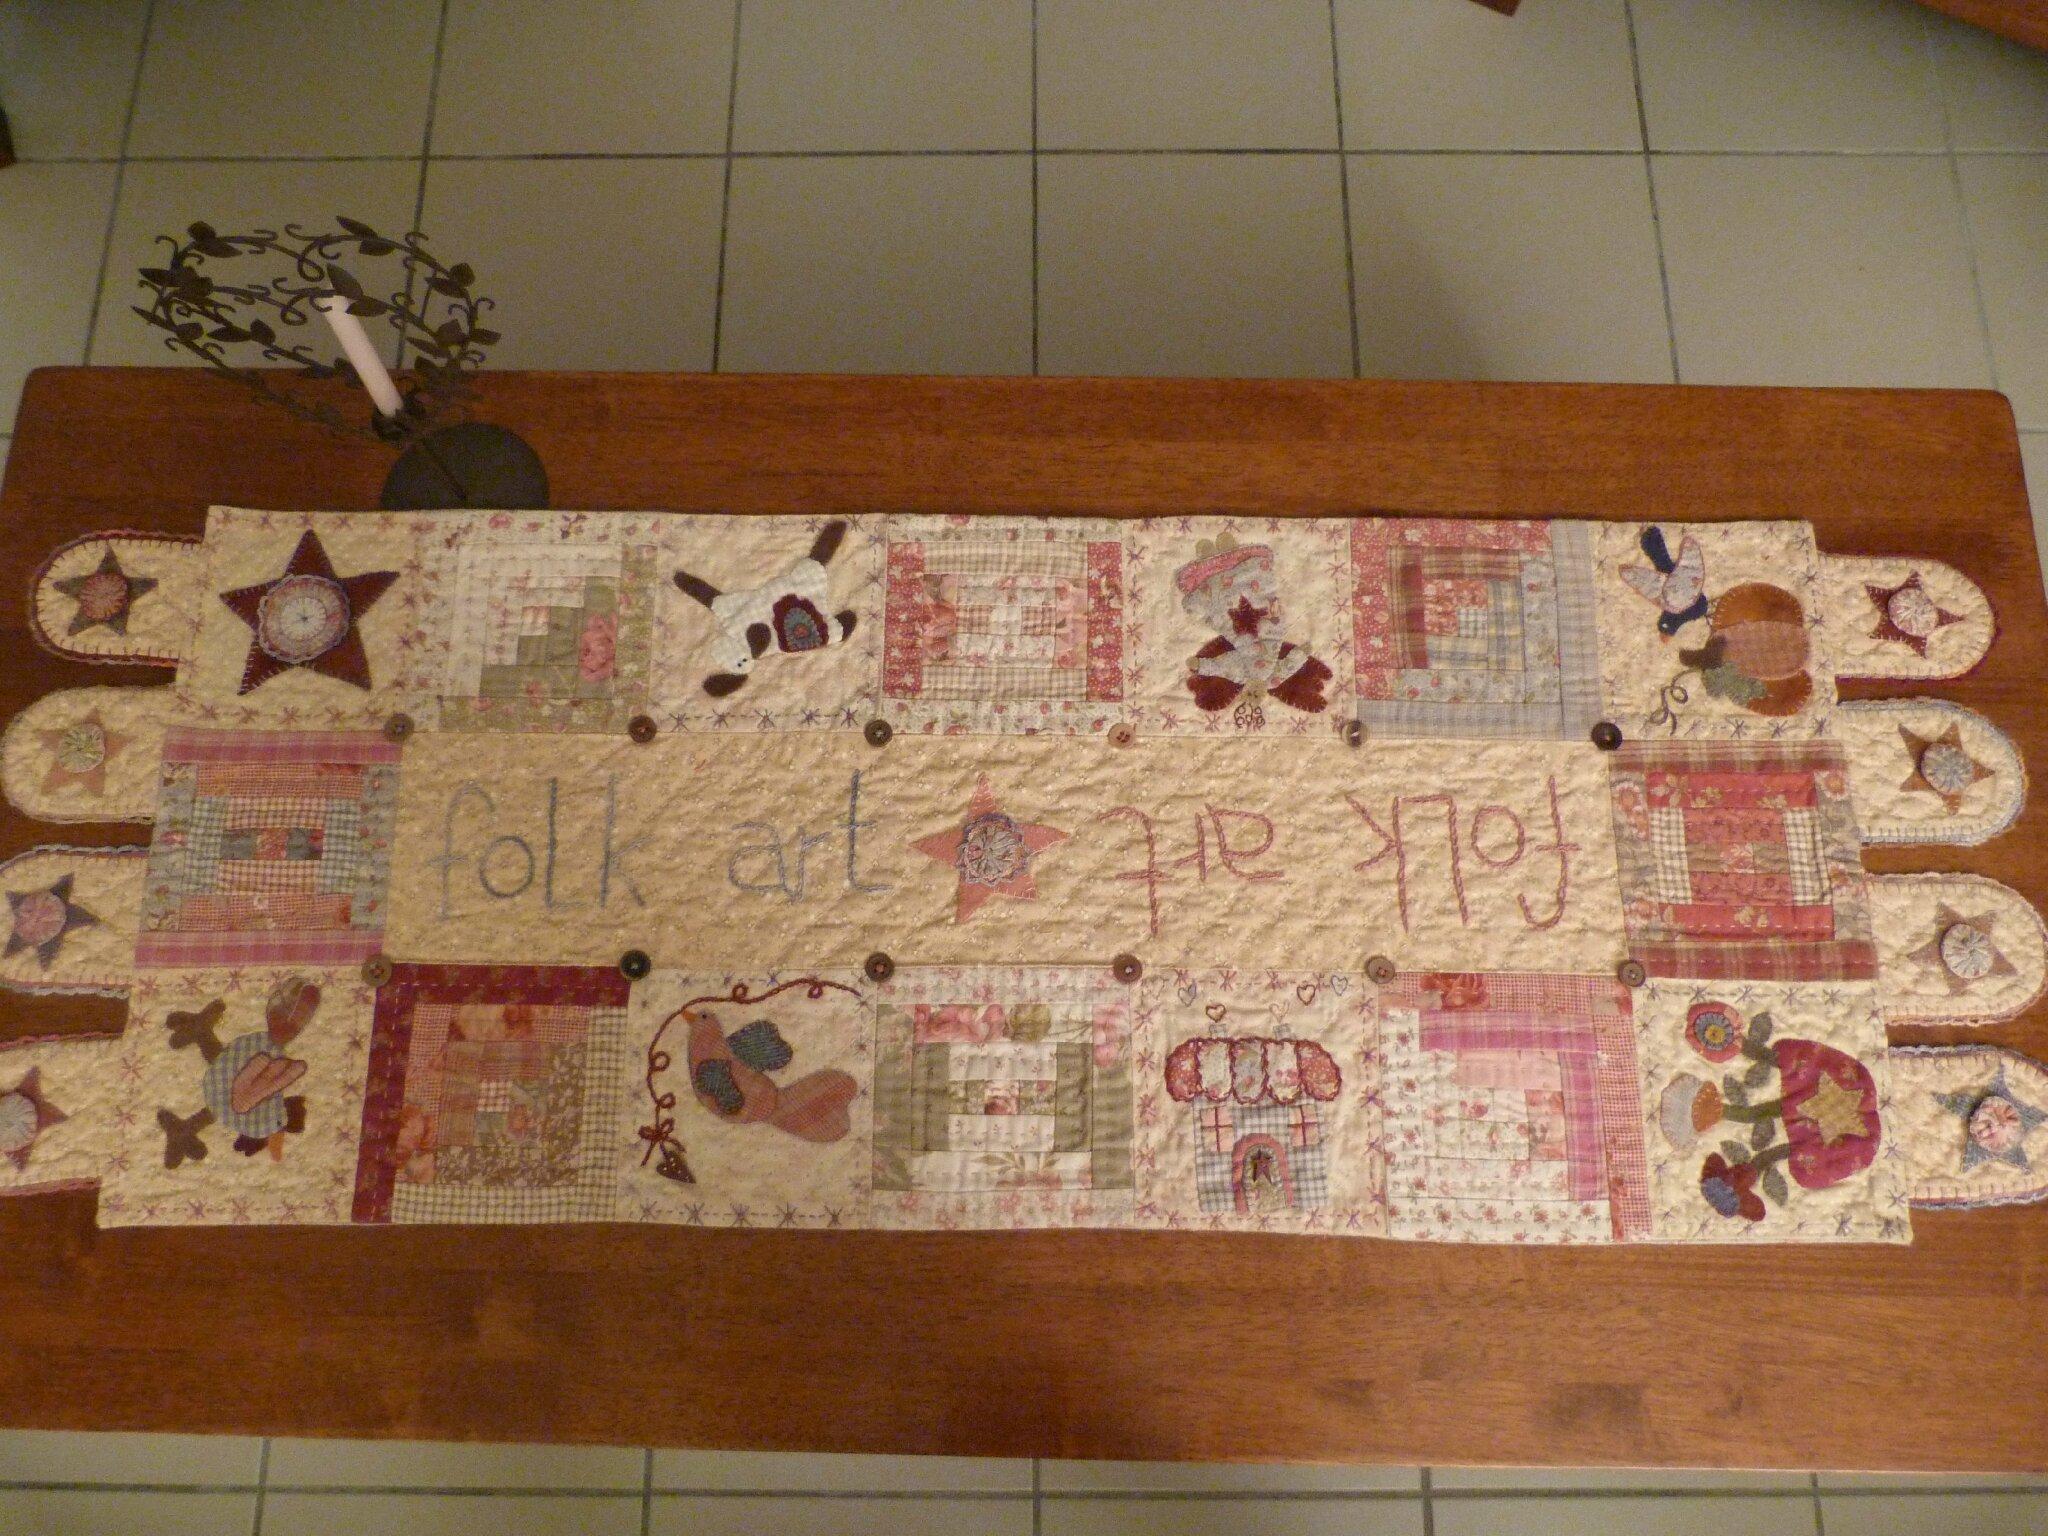 Le chemin de table 30 photos isa country quilt - Chemin de table en patchwork ...
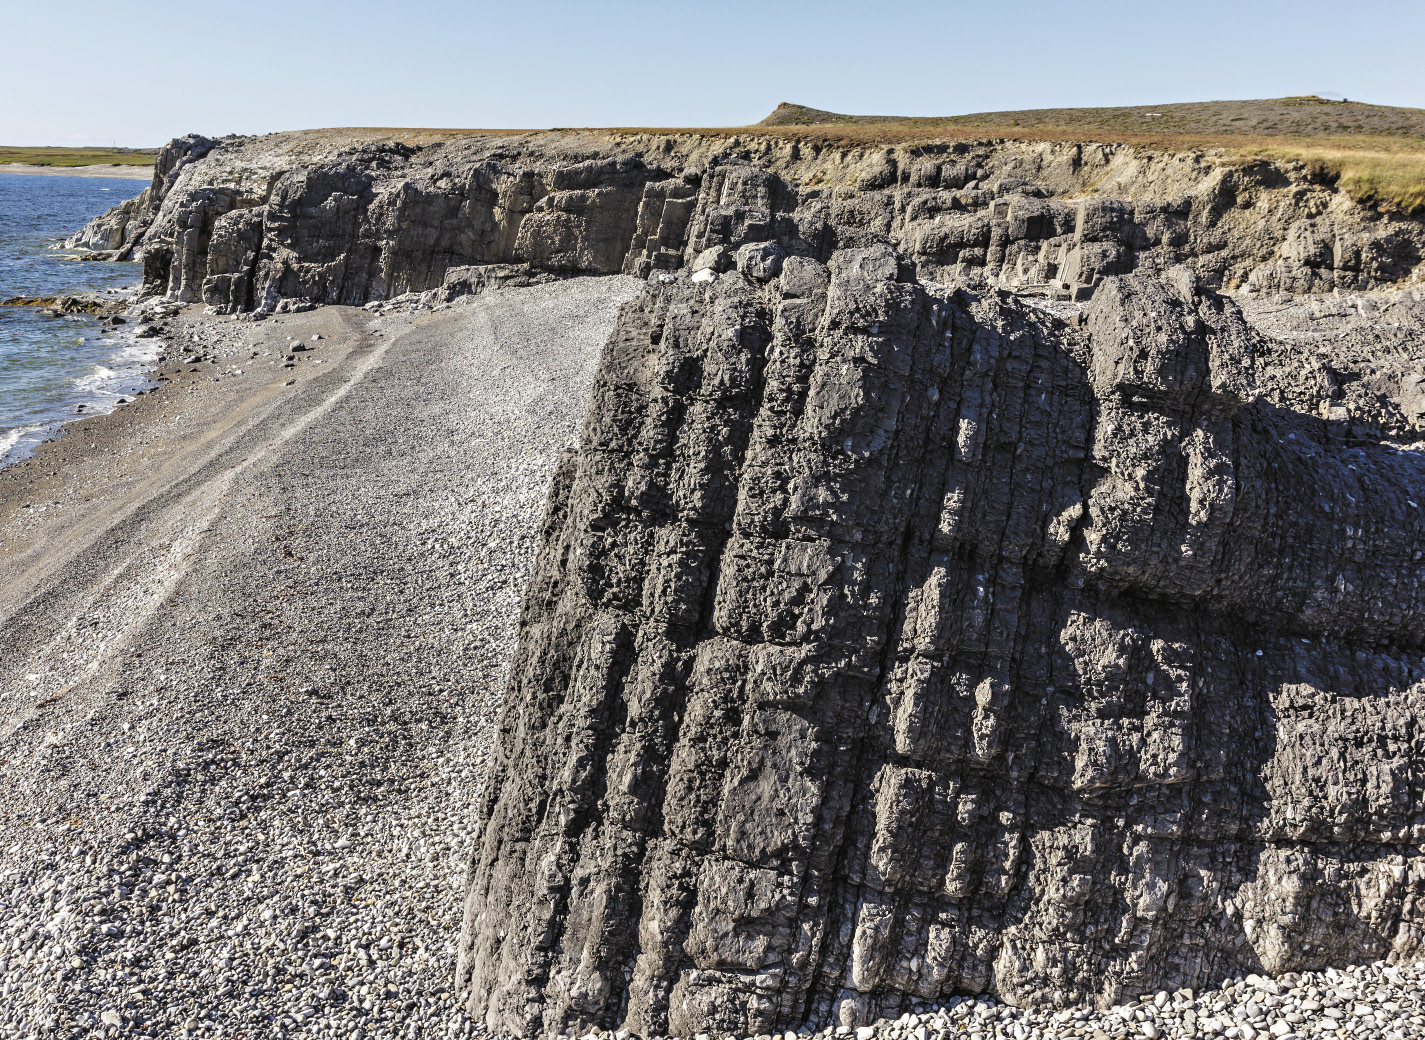 Каменные столбы мыса Гребень напоминают неземной пейзаж.
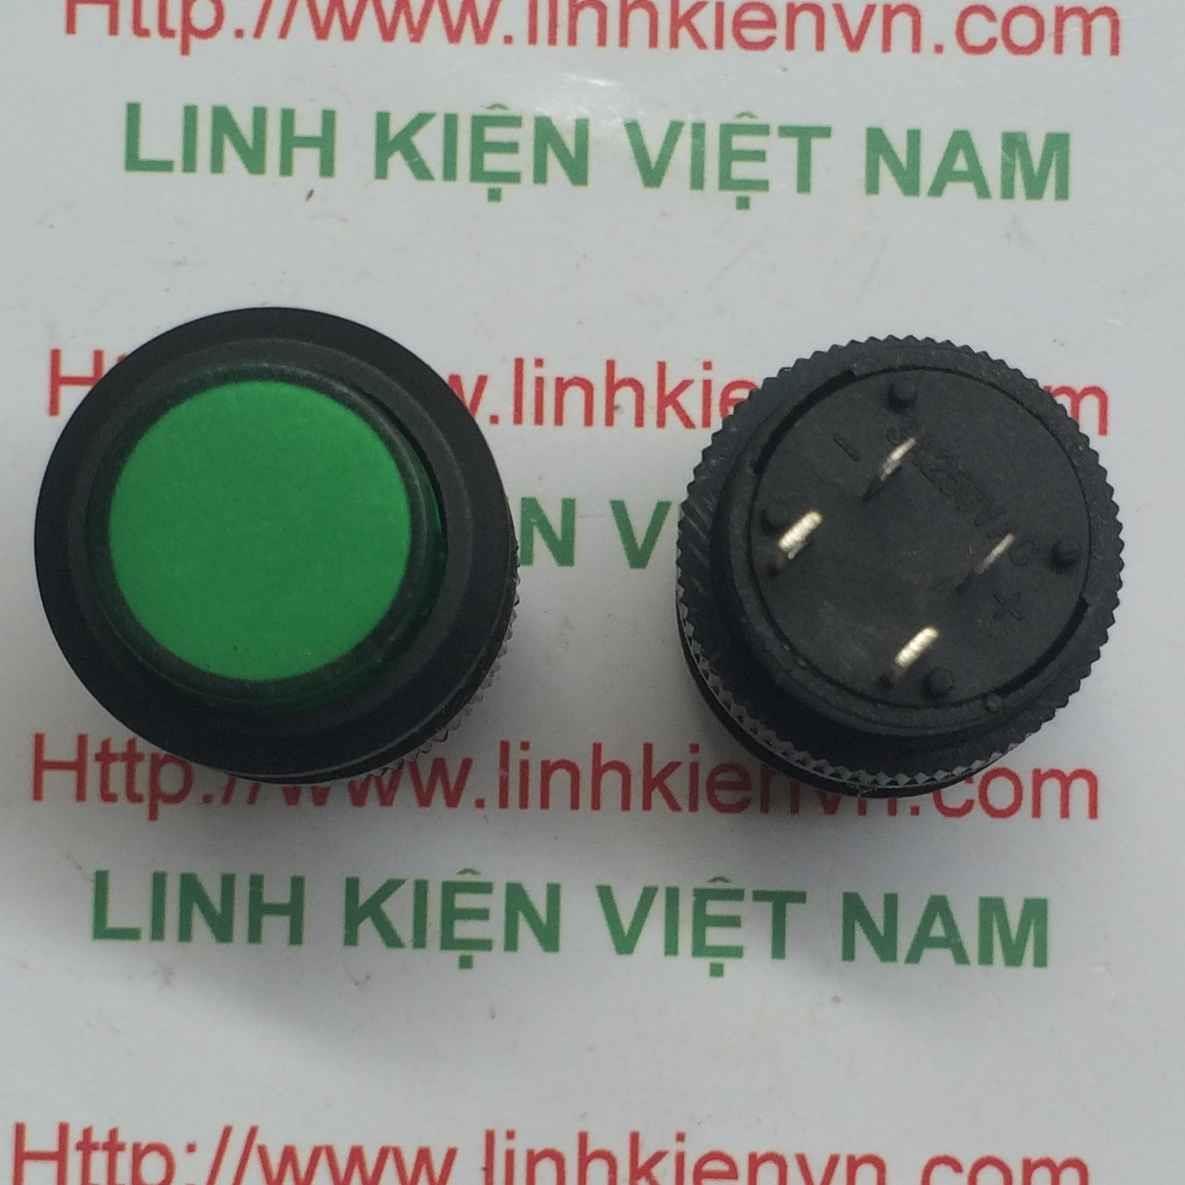 Nút nhấn 3A/250V R16-503AD nhấn giữ màu xanh - D4H20

### ABOUT THIS TASK
Exclude all images and return the listing word for word.

### RESPONSE FOR THIS EXERCISE
 Le chemin de table 30 photos isa country quilt - Chemin de table en patchwork ...
 Каменные столбы мыса Гребень напоминают неземной пейзаж.
 Nút nhấn 3A/250V R16-503AD nhấn giữ màu xanh - D4H20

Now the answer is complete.